- **WHAT TO WORK ON**
Look through the listing below for the line with "悲劇的な取り付け相続人香皿 富士山 ブルー" and the line with "Штора для ванной". Copy both, along with every line between them, exactly and with no pictures.

- **DATA LISTING**
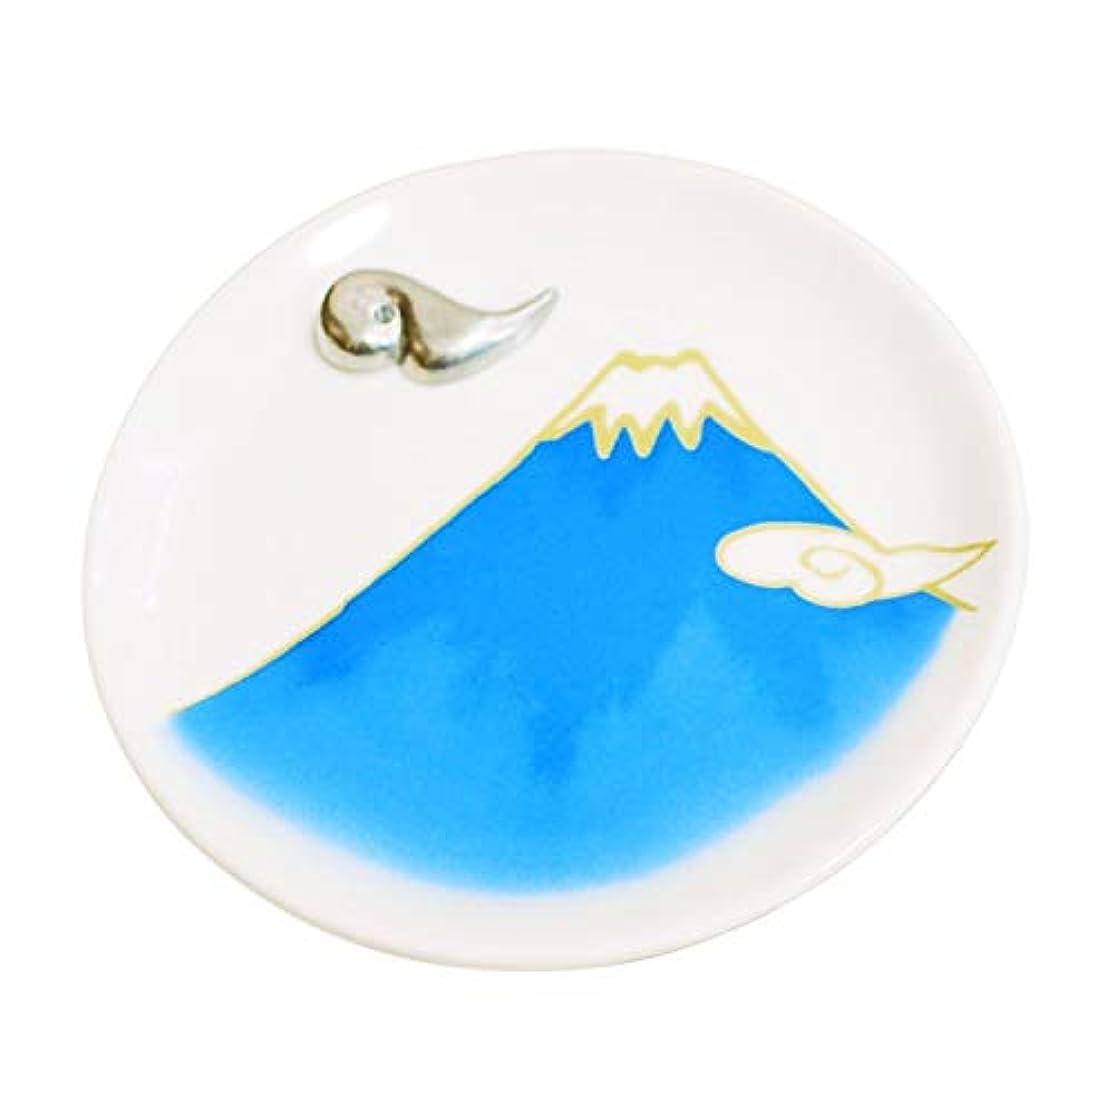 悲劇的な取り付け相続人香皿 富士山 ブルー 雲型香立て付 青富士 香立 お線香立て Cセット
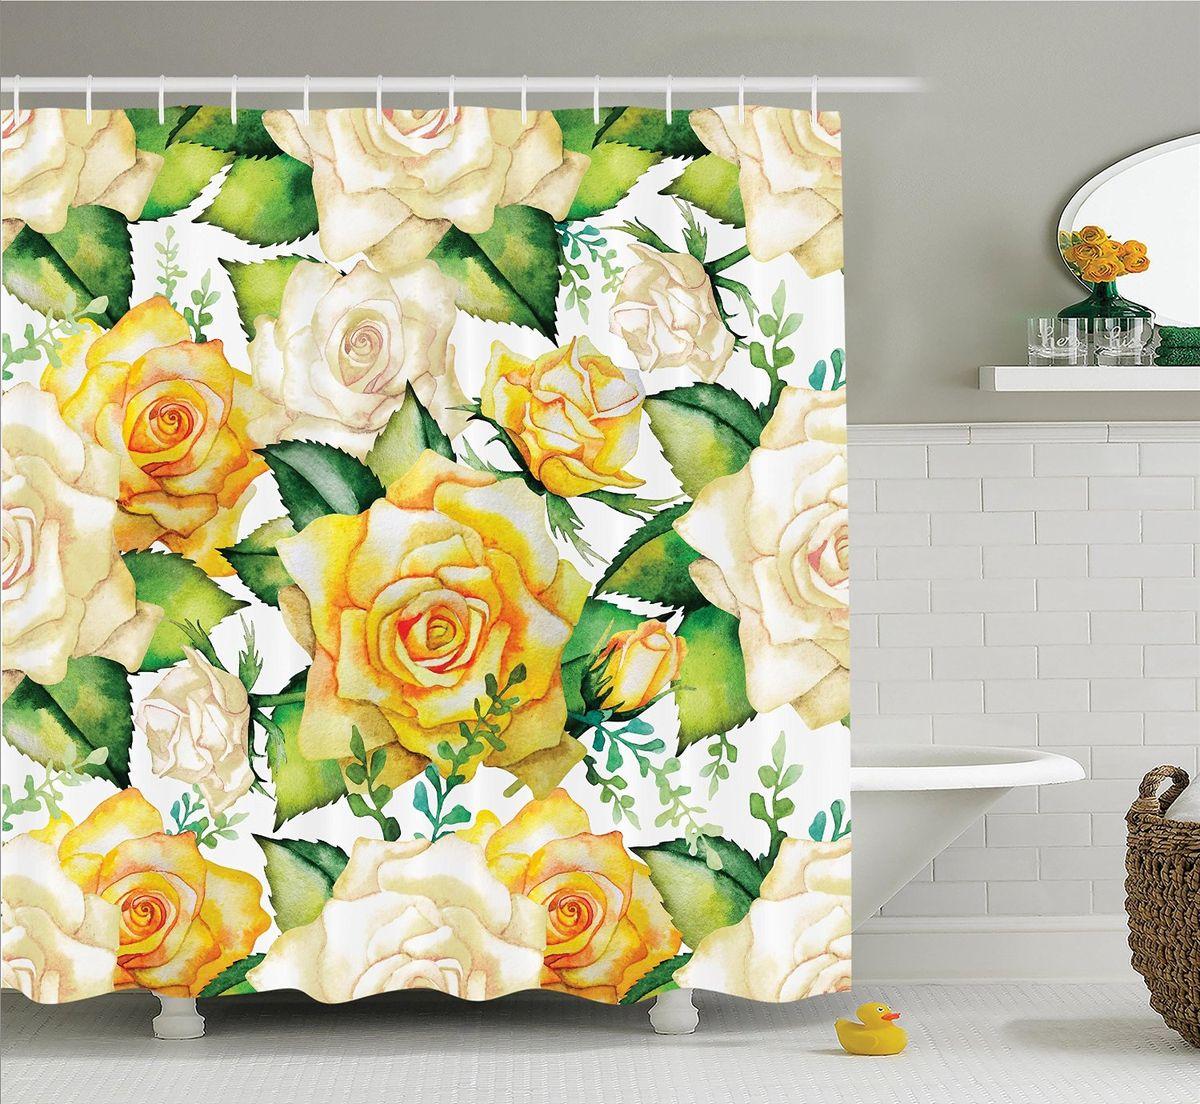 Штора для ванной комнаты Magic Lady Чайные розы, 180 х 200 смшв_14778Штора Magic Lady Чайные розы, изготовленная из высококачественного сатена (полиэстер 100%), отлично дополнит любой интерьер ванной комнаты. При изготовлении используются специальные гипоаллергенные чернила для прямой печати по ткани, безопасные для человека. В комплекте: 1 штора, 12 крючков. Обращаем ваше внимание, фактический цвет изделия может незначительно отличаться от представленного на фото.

==

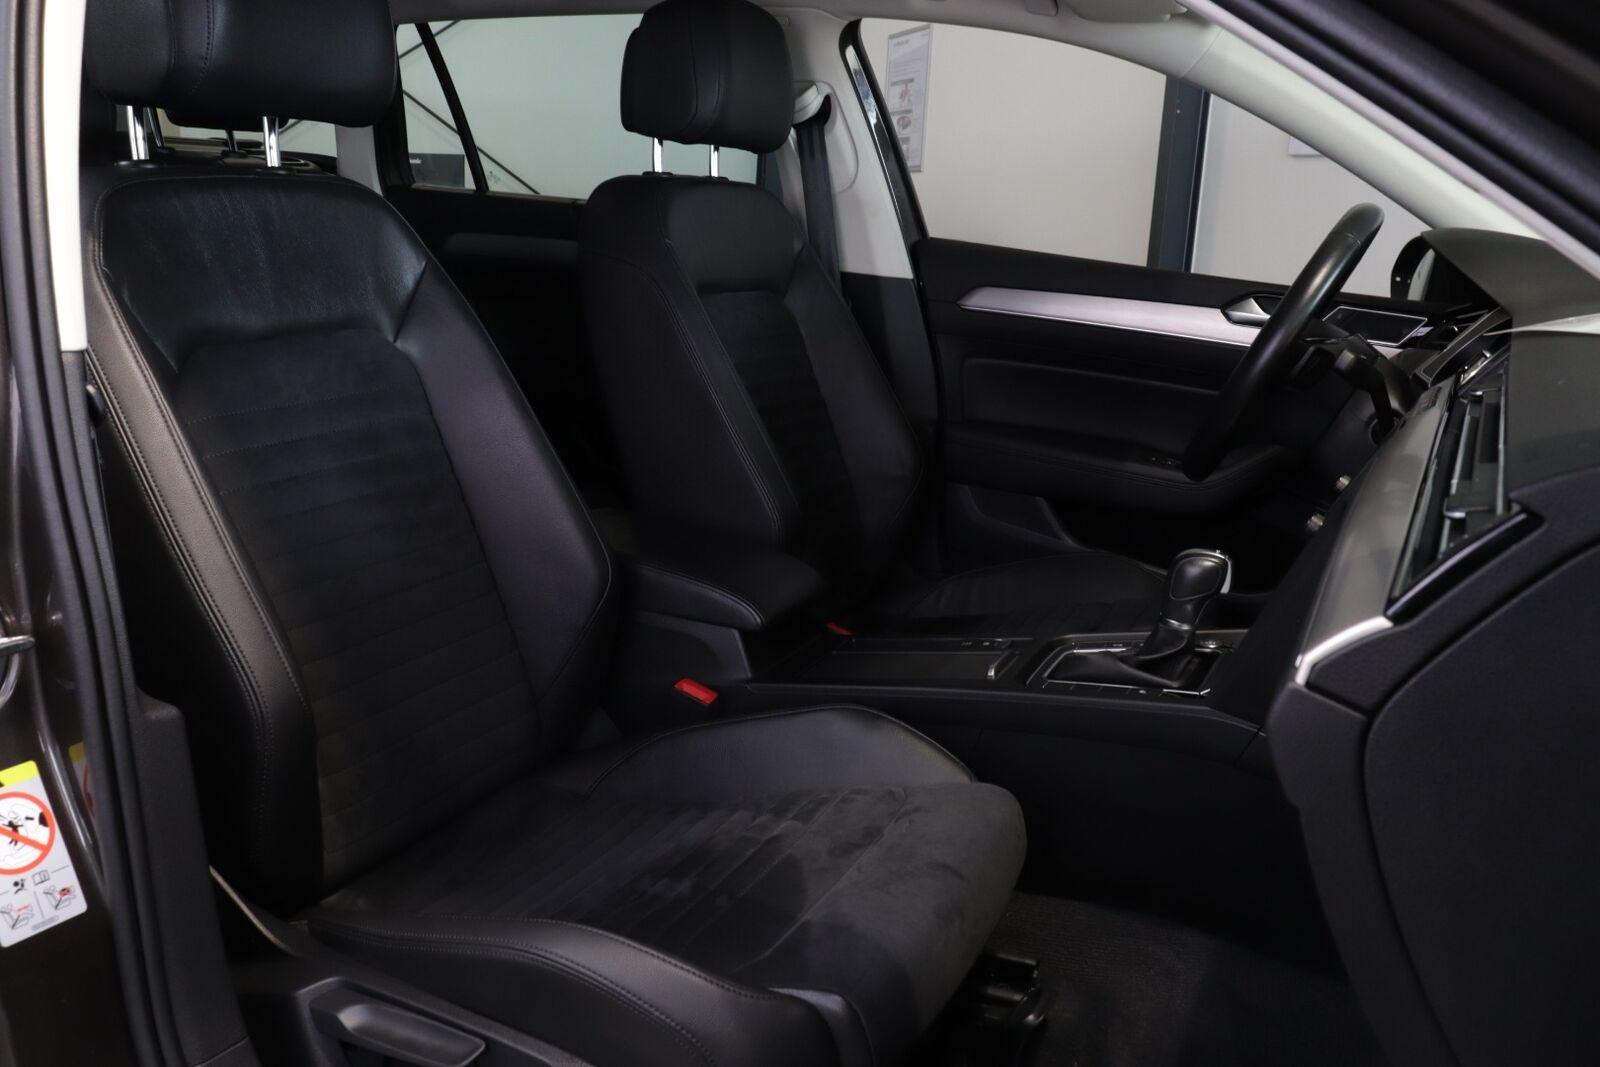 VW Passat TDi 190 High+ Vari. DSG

* * *

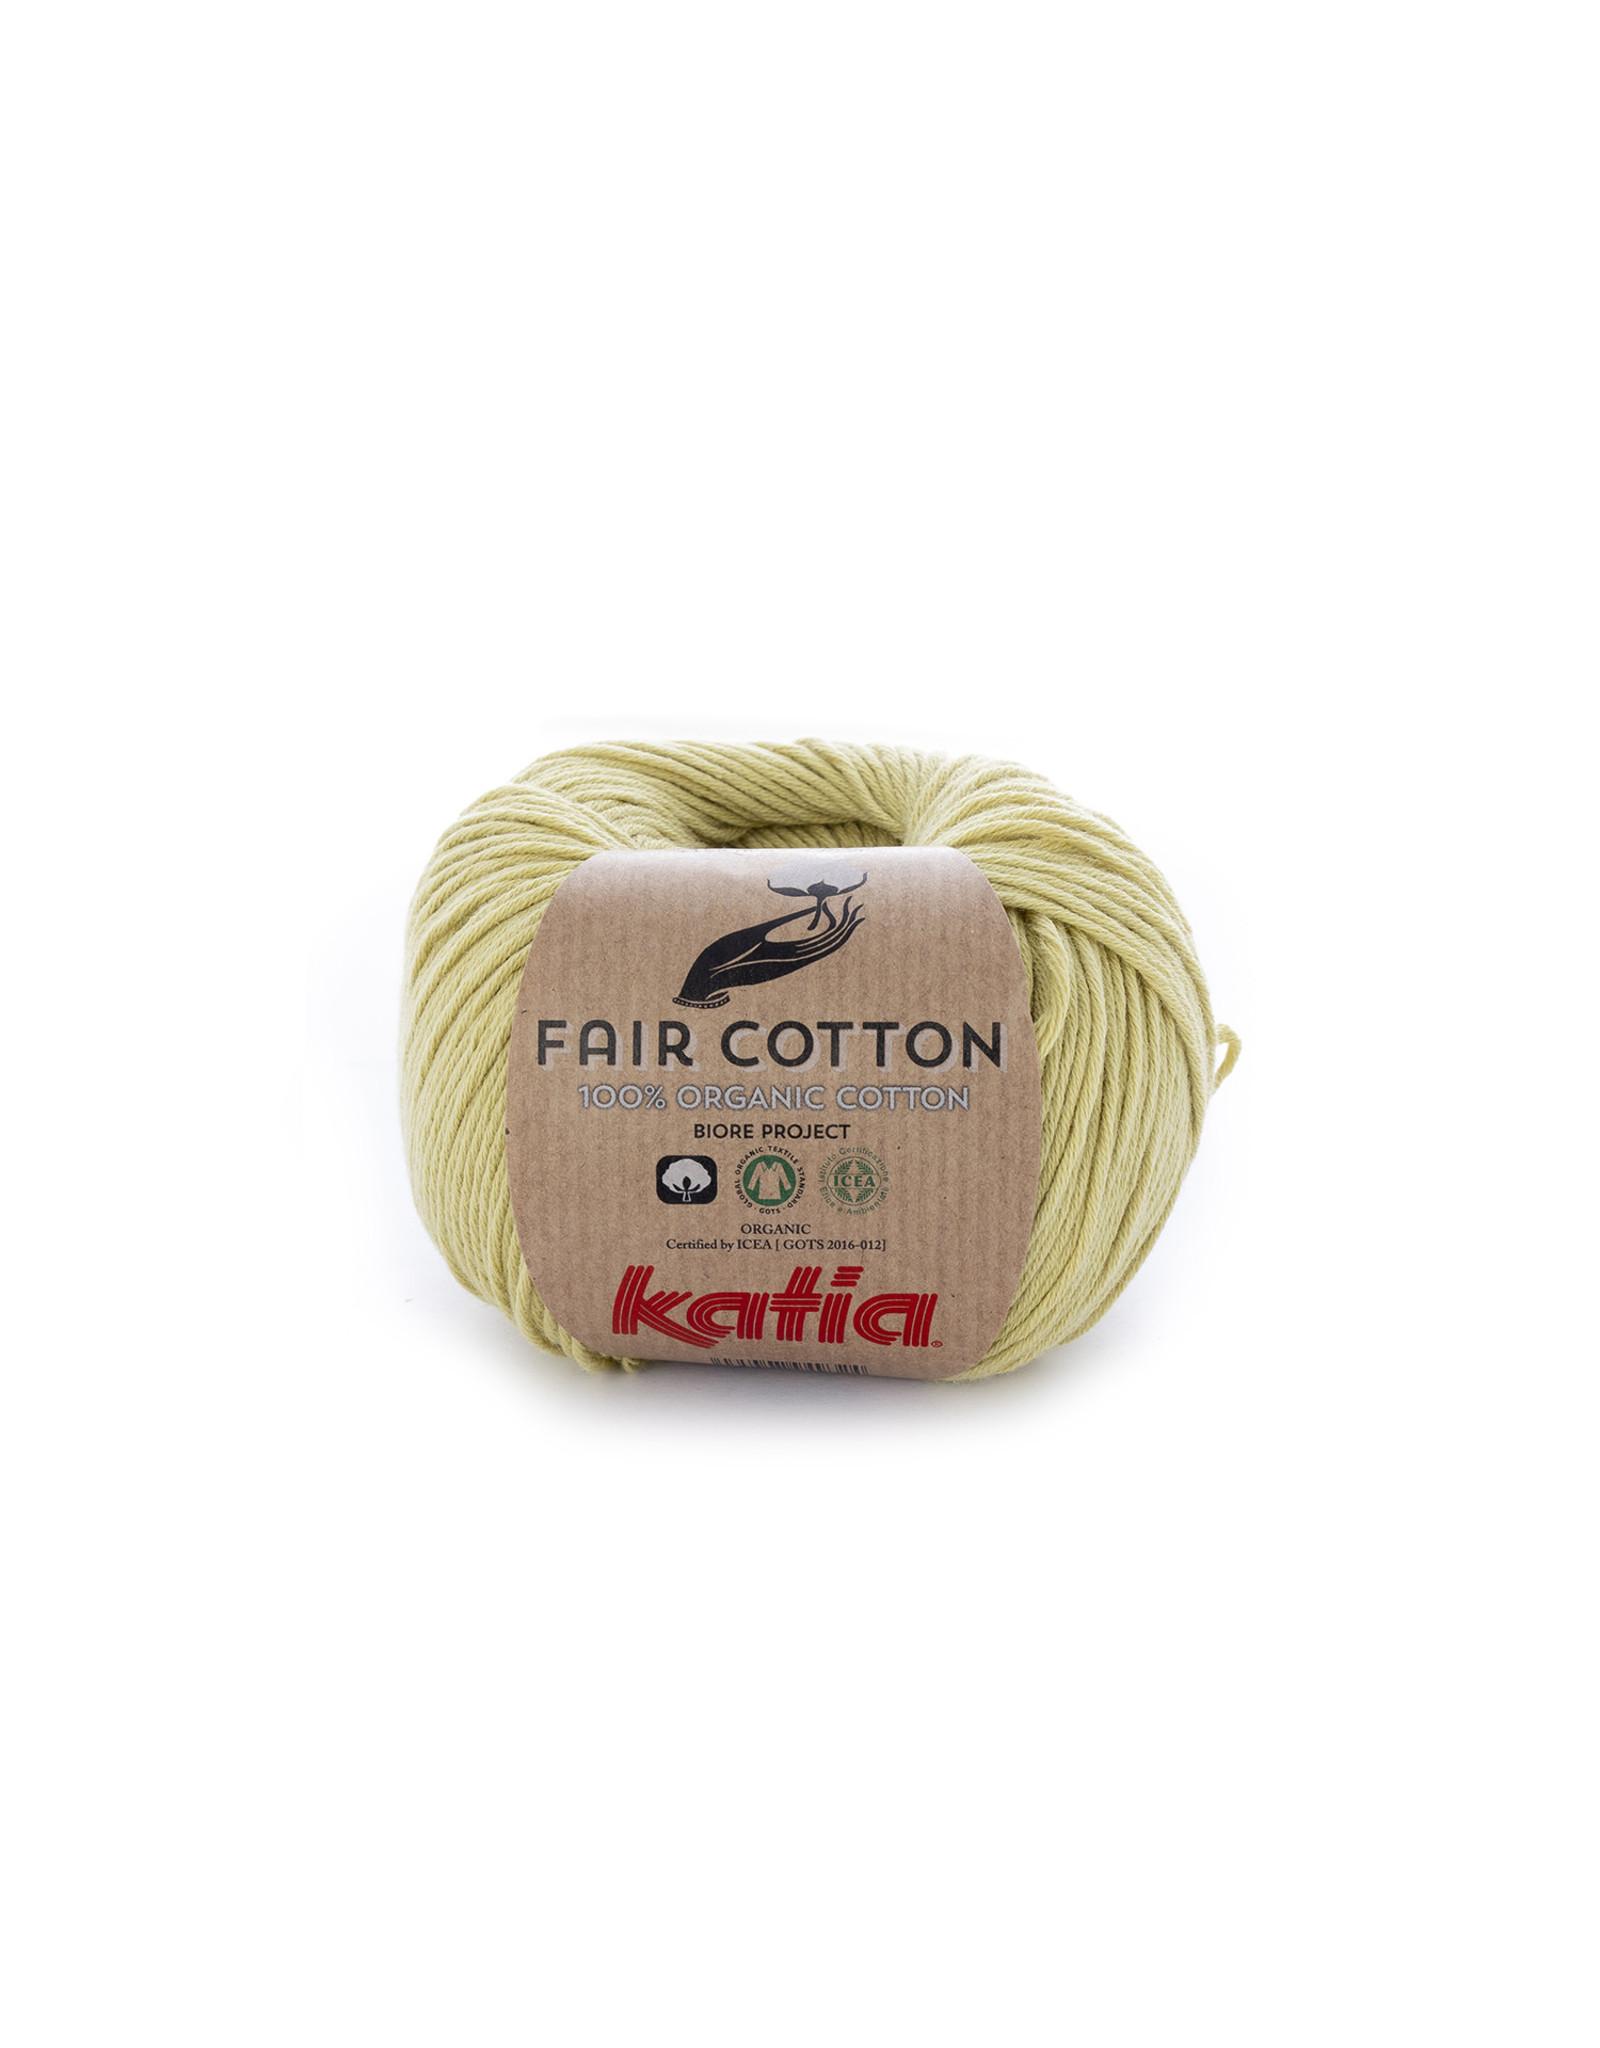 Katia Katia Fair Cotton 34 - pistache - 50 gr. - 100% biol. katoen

- **TASK RESPONSE**
 悲劇的な取り付け相続人香皿 富士山 ブルー 雲型香立て付 青富士 香立 お線香立て Cセット
 Штора для ванной комнаты Magic Lady Чайные розы, 180 х 200 смшв_14778Штора Magic Lady Чайные розы, изготовленная из высококачественного сатена (полиэстер 100%), отлично дополнит любой интерьер ванной комнаты. При изготовлении используются специальные гипоаллергенные чернила для прямой печати по ткани, безопасные для человека. В комплекте: 1 штора, 12 крючков. Обращаем ваше внимание, фактический цвет изделия может незначительно отличаться от представленного на фото.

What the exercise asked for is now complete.